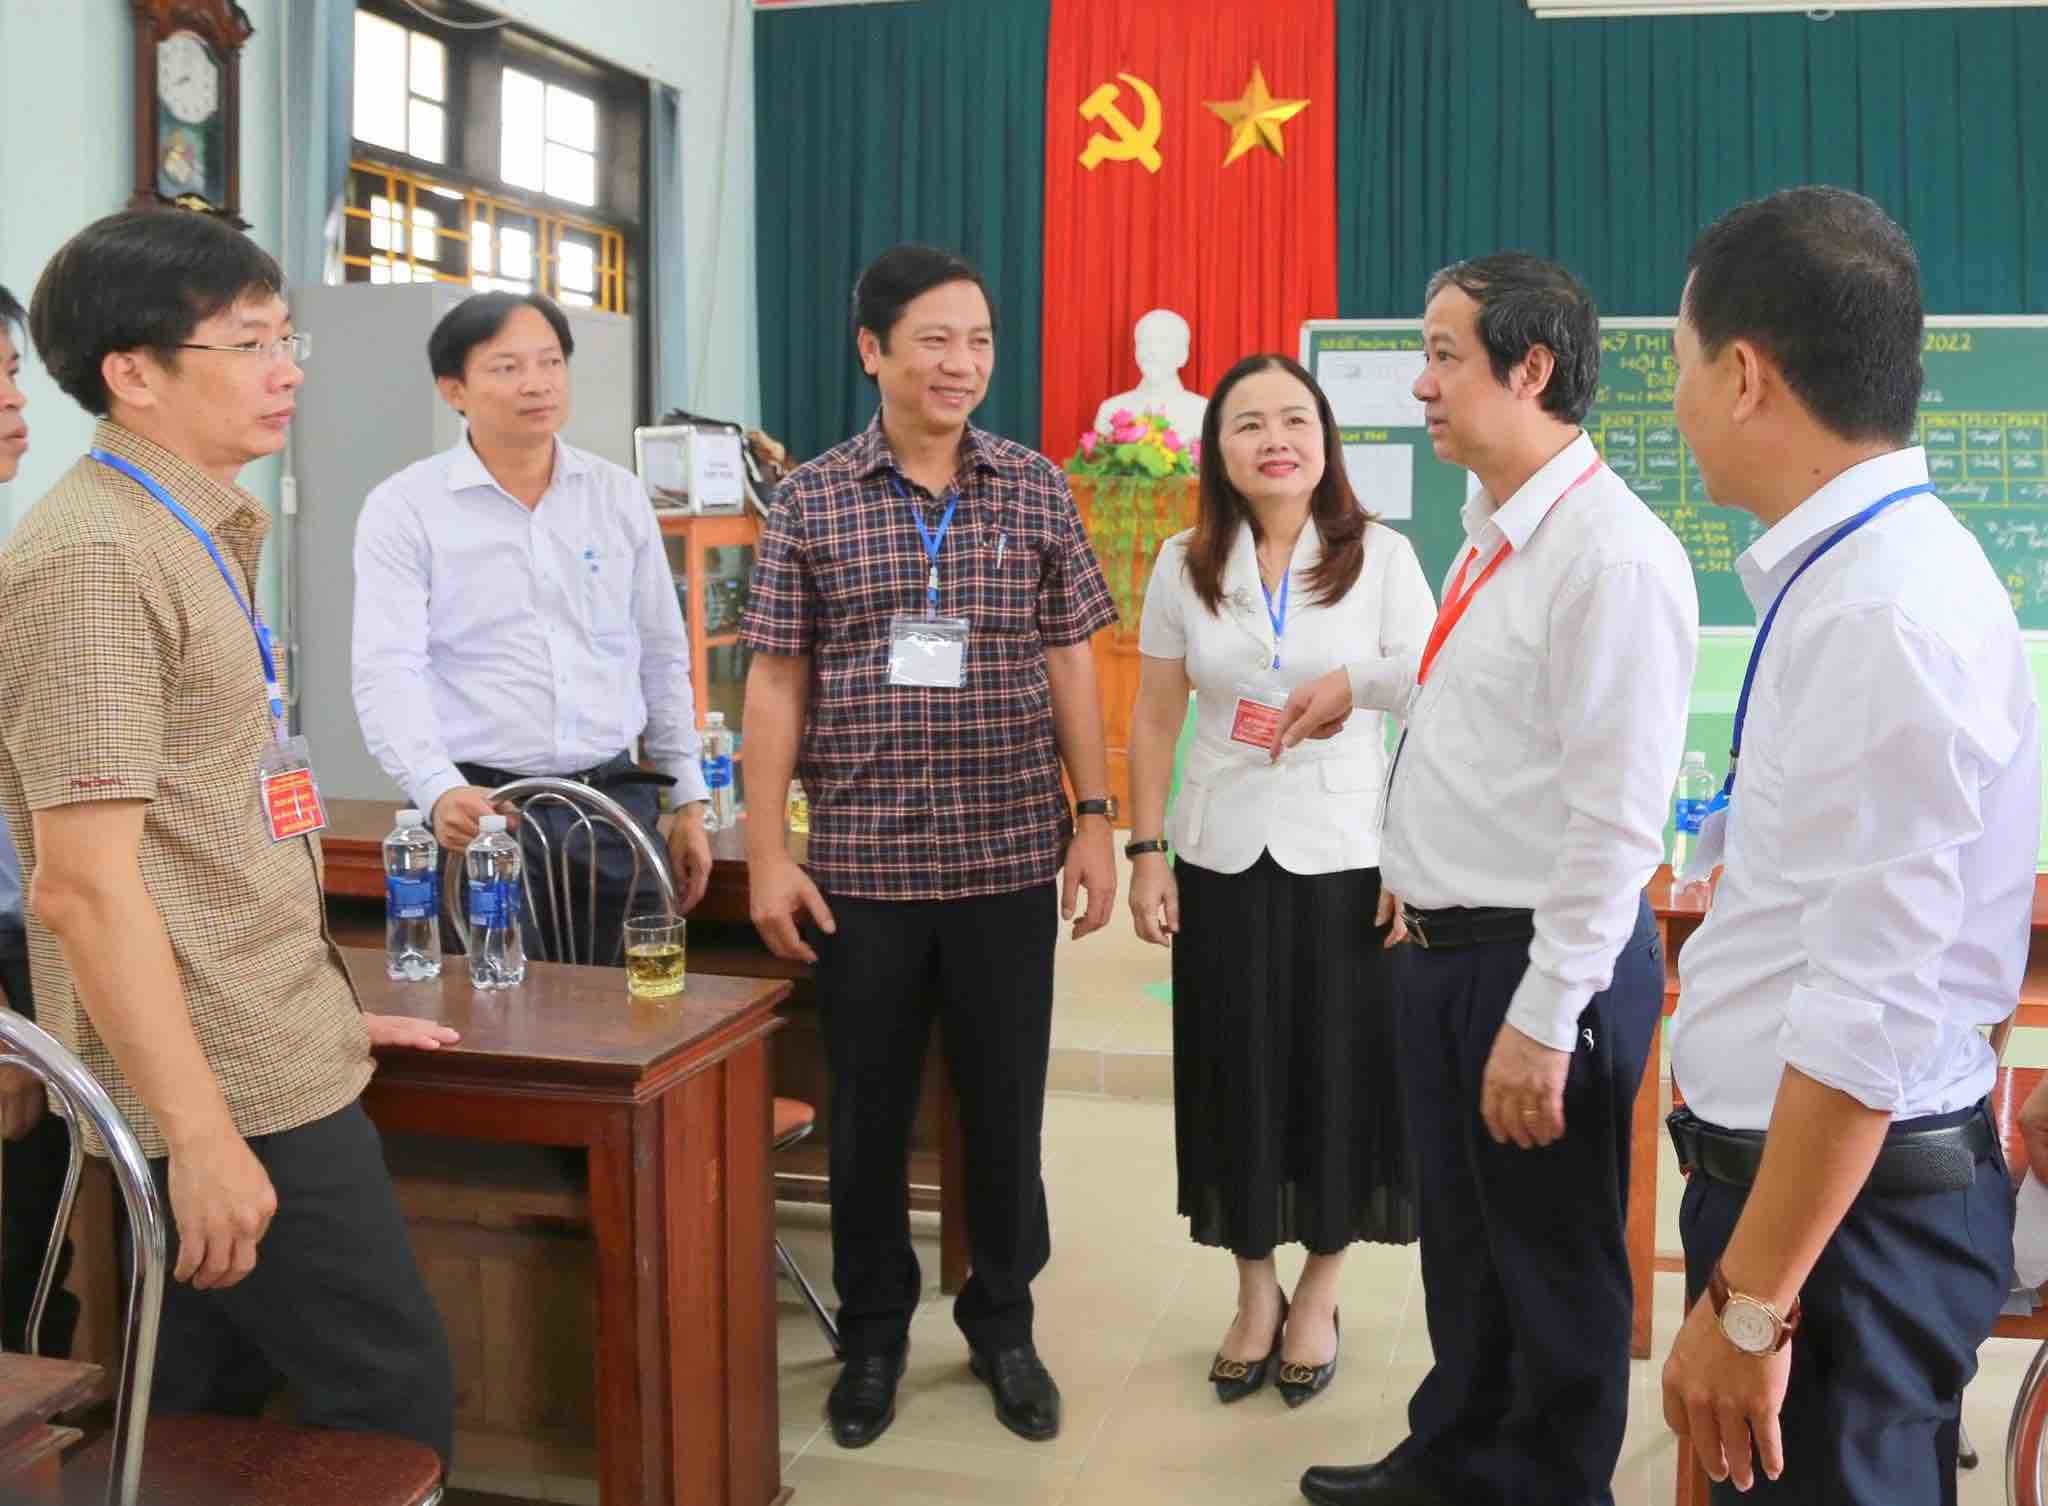 Bộ trưởng Nguyễn Kim Sơn kiểm tra tổ chức thi tốt nghiệp THPT tại tỉnh Quảng Trị
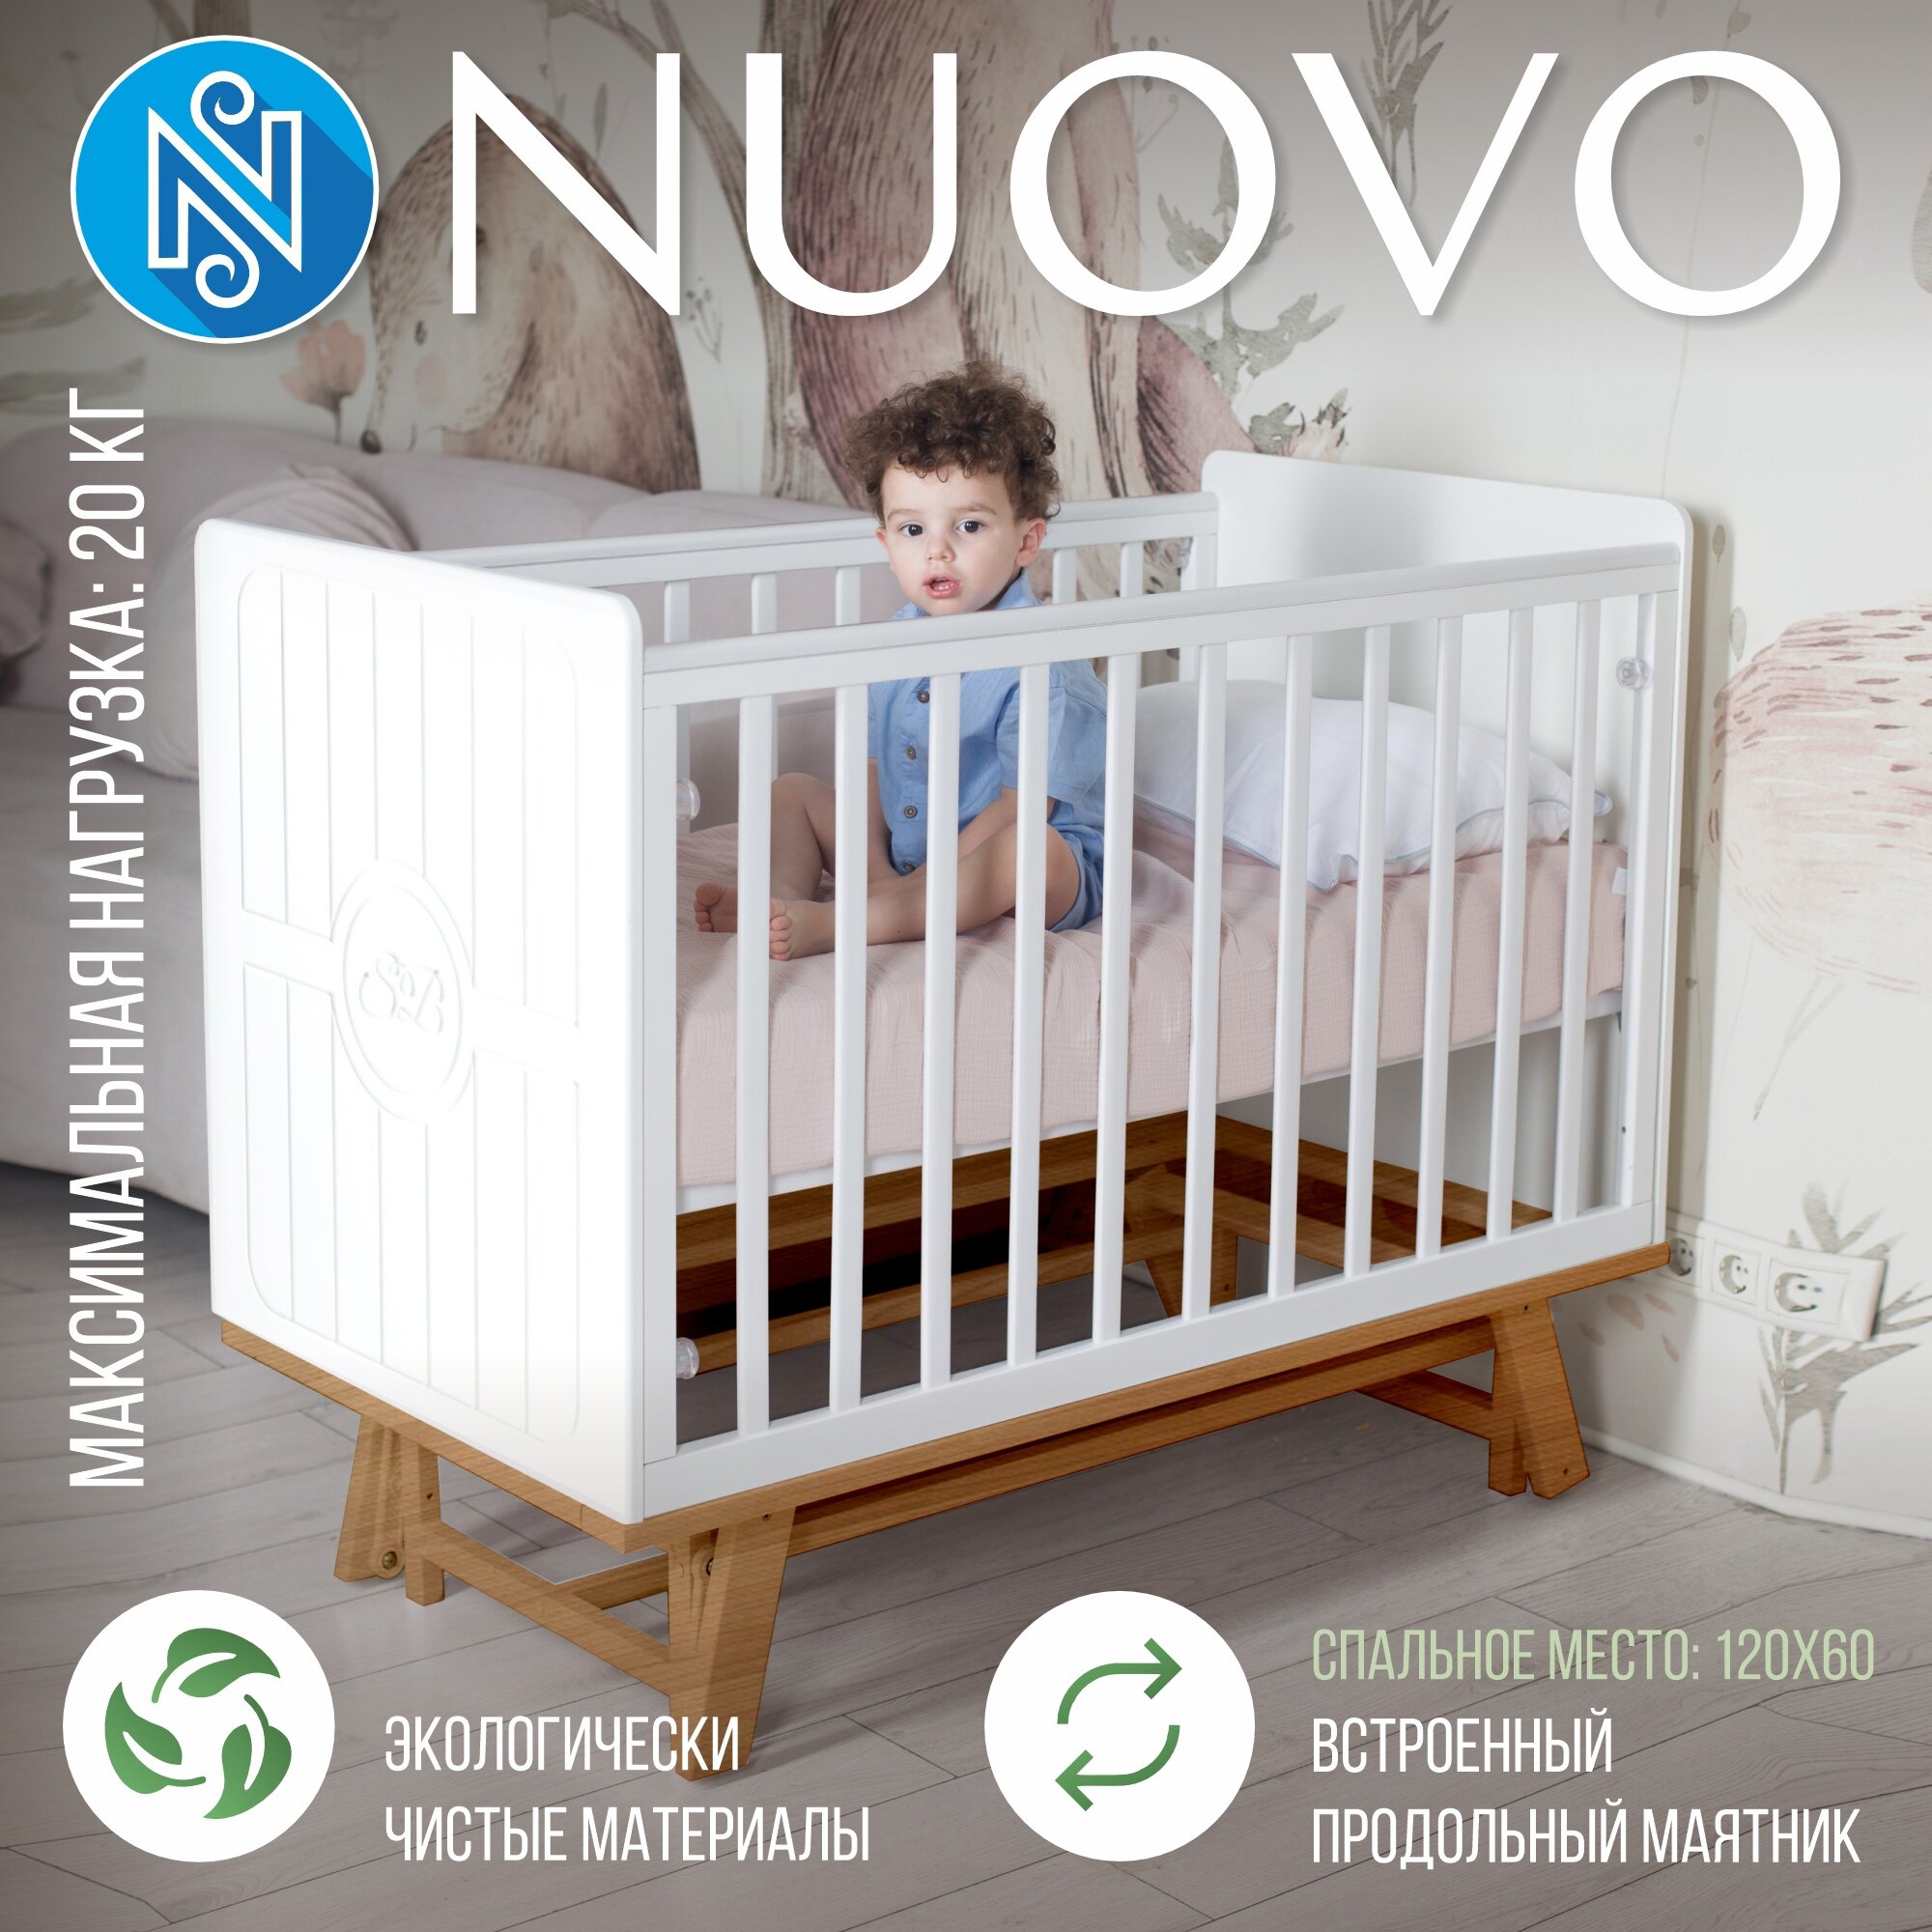 Nuovo (маятник продольный) Bianco/Naturale
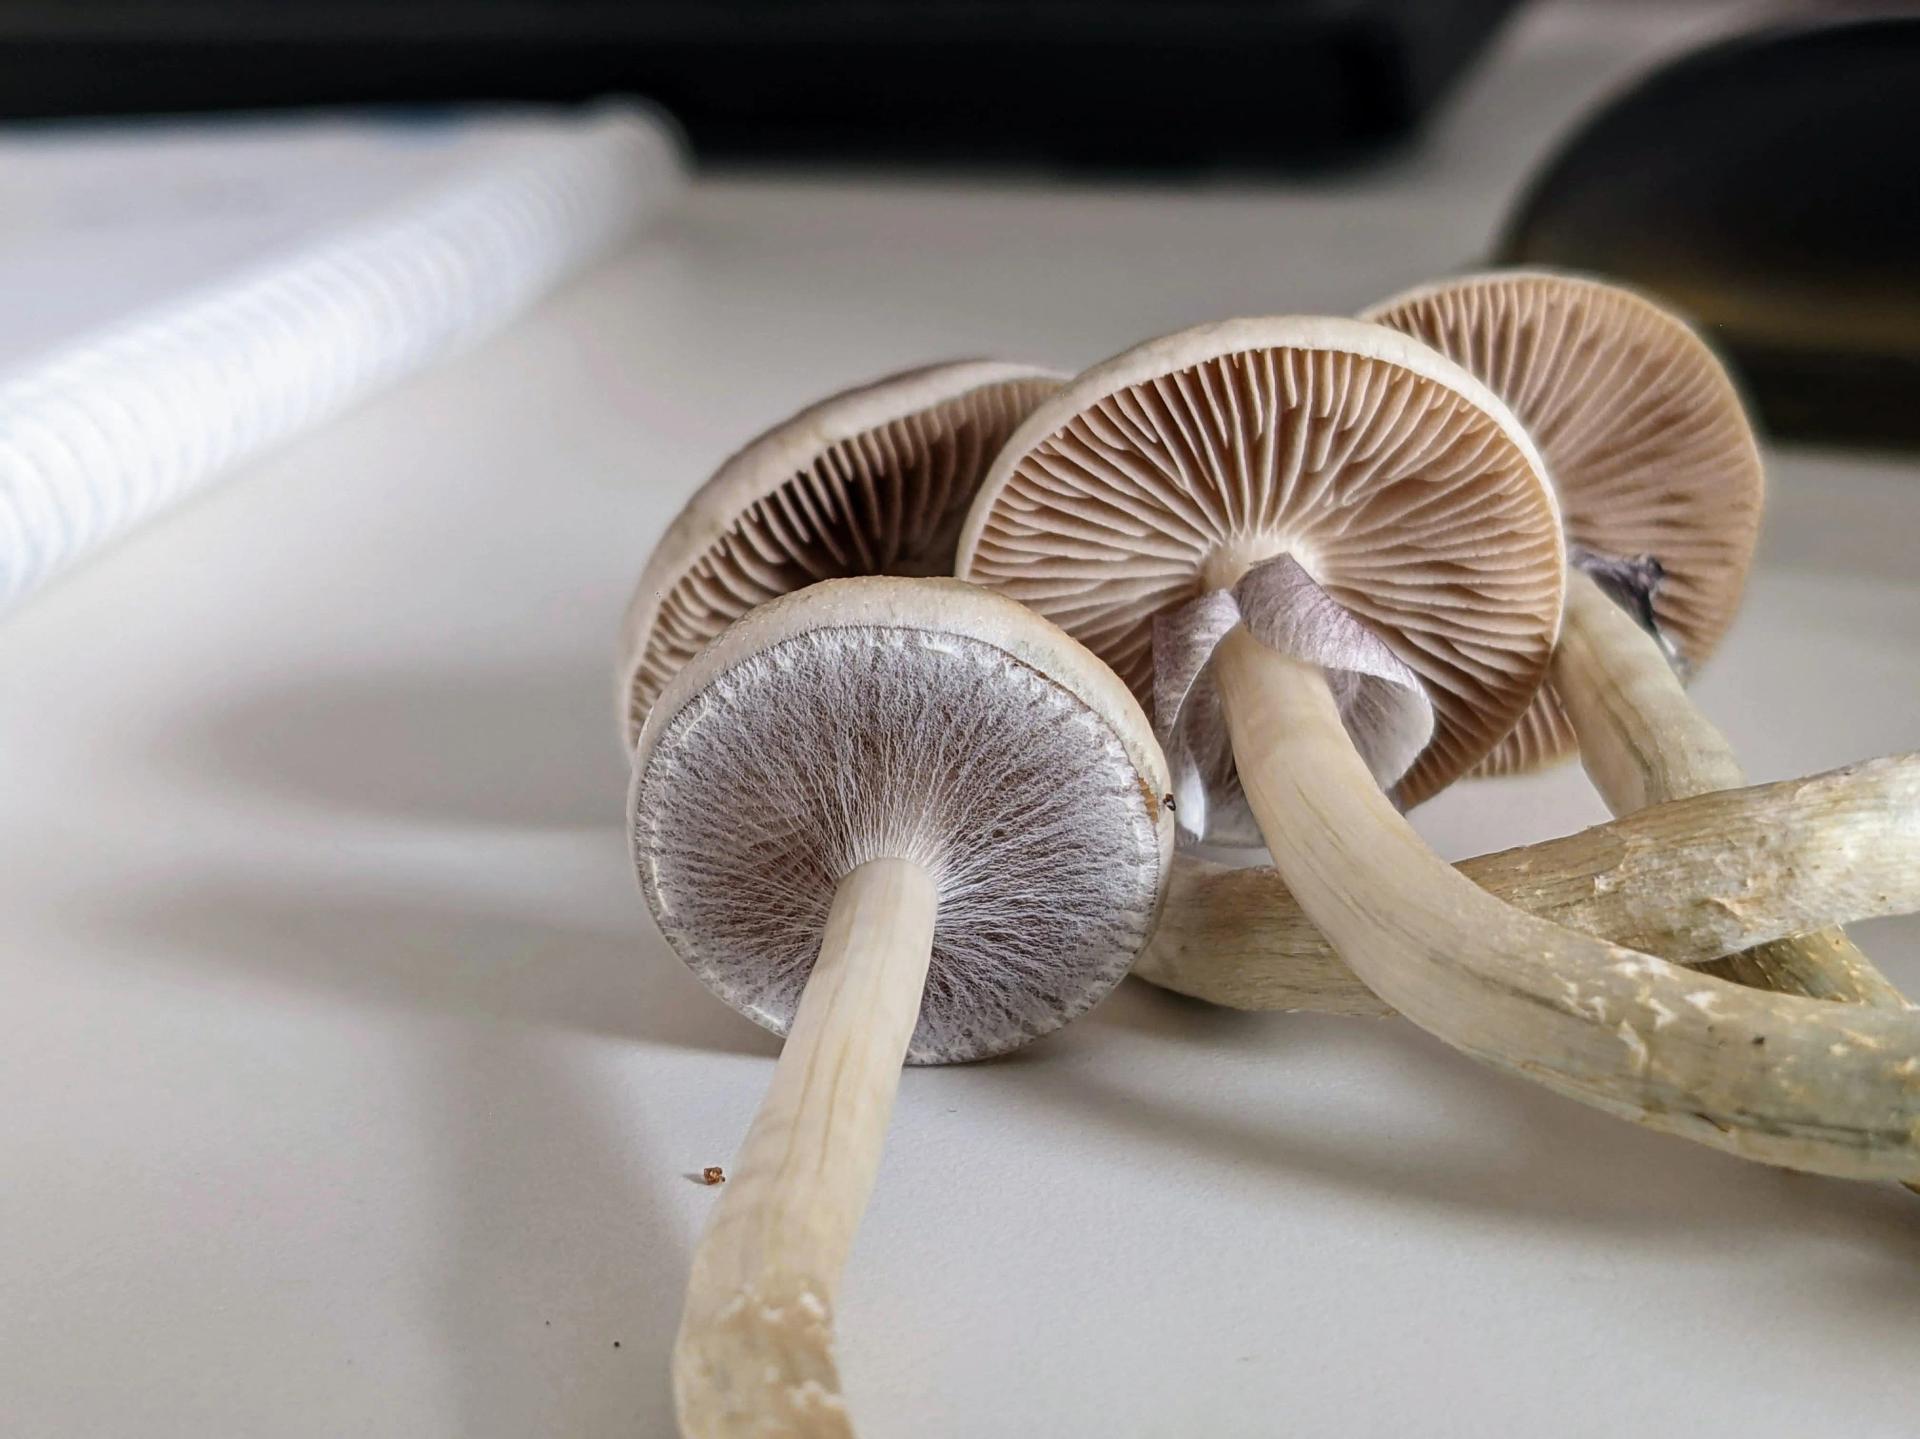 Mushrooms on the Table

━━━━━━━━━━━━━━━━

### Problem description
The whole listing is to be retyped exactly, with its pictures removed.

### Solution to the problem
 Bộ trưởng Nguyễn Kim Sơn kiểm tra tổ chức thi tốt nghiệp THPT tại tỉnh Quảng Trị
 Nuovo (маятник продольный) Bianco/Naturale
 Mushrooms on the Table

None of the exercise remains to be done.